Singapore International Mediation Centre (SIMC) is an independent not-for-profit organisation in Singapore providing mediation services, through its panel of international mediators, to parties wishing to resolve their cross-border commercial disputes amicably. The centre is housed at Maxwell Chambers.

A working group, co-chaired by Edwin Glasgow CBE QC and George Lim SC, was set up in April 2013 by the Chief Justice of Singapore Sundaresh Menon and the Ministry of Law to assess and make recommendations on how to develop Singapore as a centre for international commercial mediation. In its report, the working group recognised the need for enhanced and sophisticated dispute resolution services for cross-border disputes to support the rise in trade and investment in Asia. The working group made various recommendations, including the establishment of an international mediation service provider offering a panel of international mediators and experts as well as user-centric products and services. This resulted in the establishment of SIMC, which was officially launched in November 2014 by the Chief Justice of Singapore and the Minister of Law, K Shanmugam.

SIMC complements the Singapore International Arbitration Centre (SIAC) and Singapore International Commercial Court (SICC); these three entities are designed to provide a full suite of dispute resolution options for parties involved in cross-border disputes. For instance, SIMC and SIAC administer the "Arb-Med-Arb" protocol, which allows a party to begin arbitration under SIAC before proceeding to mediation under SIMC. The aim is to allow settlements reached at mediation to be recorded as enforceable consent awards. Parties can avail themselves of the protocol by incorporating a model clause into their contracts.

SIMC maintains a panel of around 70 international mediators from 14 jurisdictions. They are certified by the Singapore International Mediation Institute, which acts as the professional standards body for mediation in Singapore. SIMC's panel of mediators include Singapore's Ambassador-at-Large Tommy Koh and William Ury. SIMC also maintains a panel of technical experts to assist in mediations involving specialised issues.

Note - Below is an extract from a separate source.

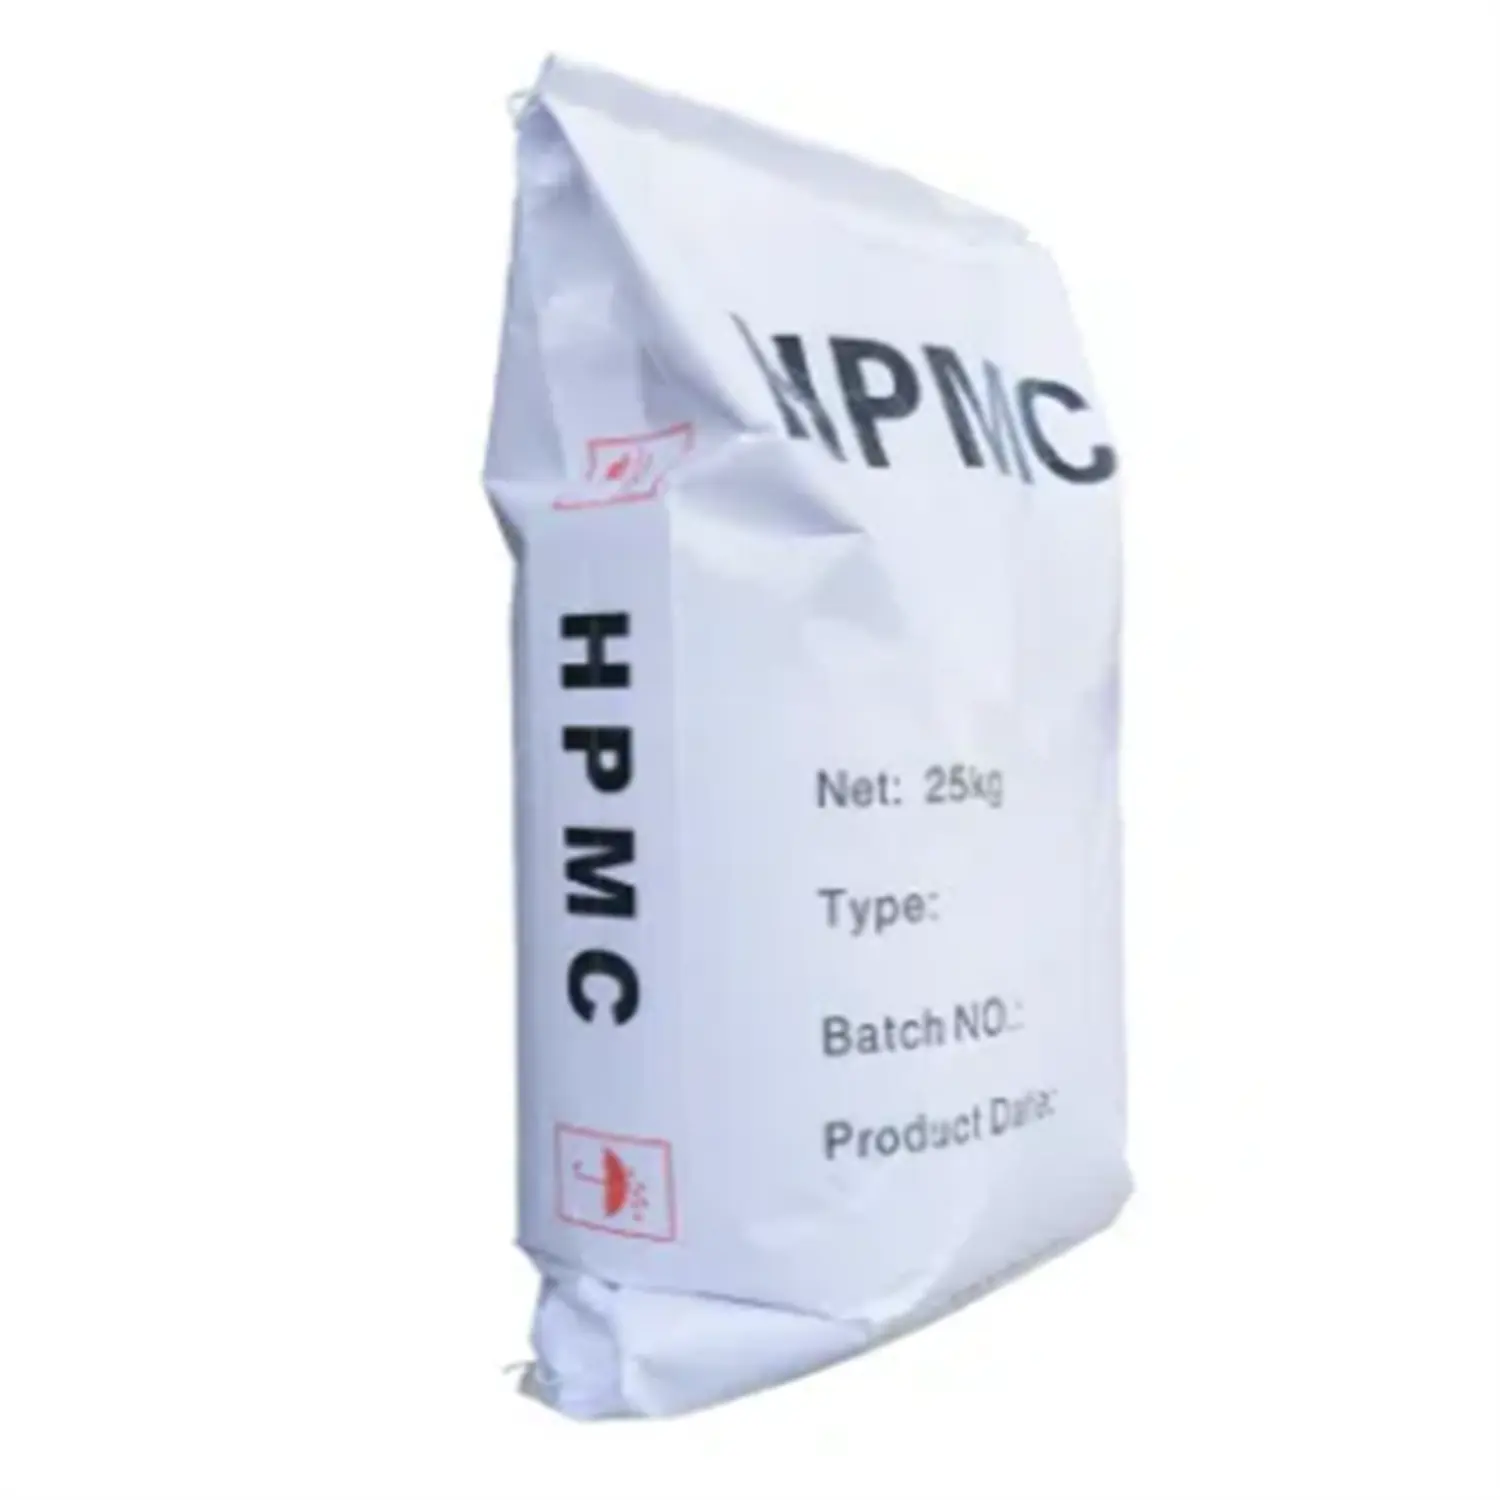 HPMC agen tambahan Kimia kualitas tinggi dan murah untuk perawatan air dan produksi kertas kimia
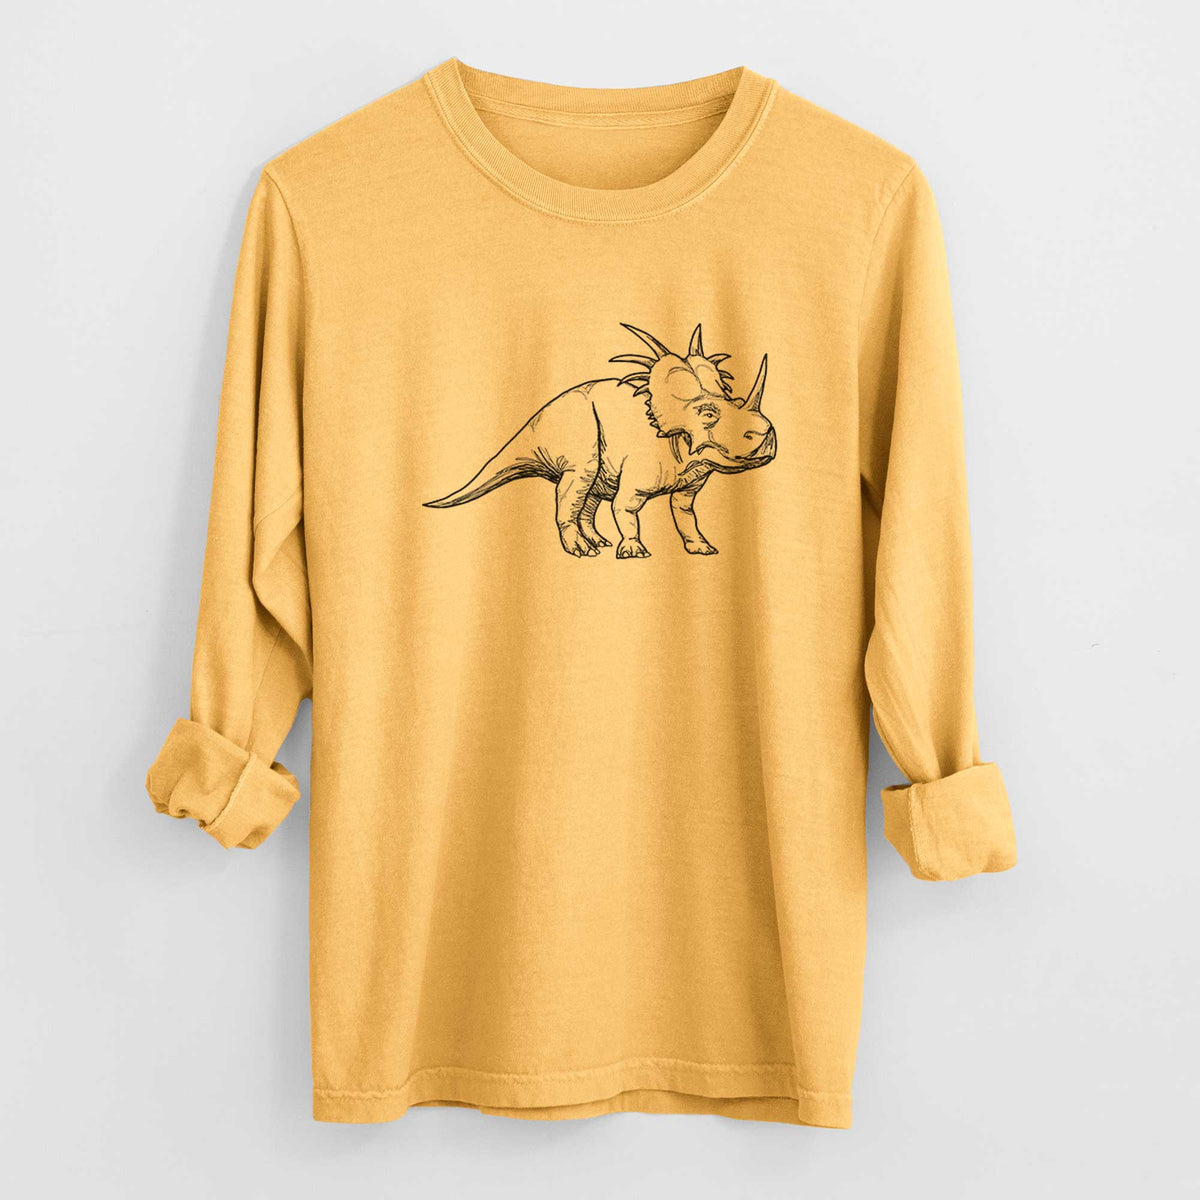 Styracosaurus Albertensis - Heavyweight 100% Cotton Long Sleeve

In July 2018, the United Nations Commission on International Trade Law concluded the Singapore Convention on Mediation, a treaty that makes it easier for businesses to enforce mediated settlement agreements across international borders. Formally known as the United Nations Convention on International Settlement Agreements Resulting from Mediation, the Singapore Convention was adopted on 20 December 2018 and opened for signature on 7 August 2019. It was signed by 46 countries on that day, the highest number of "first day" signatories for an UNCITRAL Convention.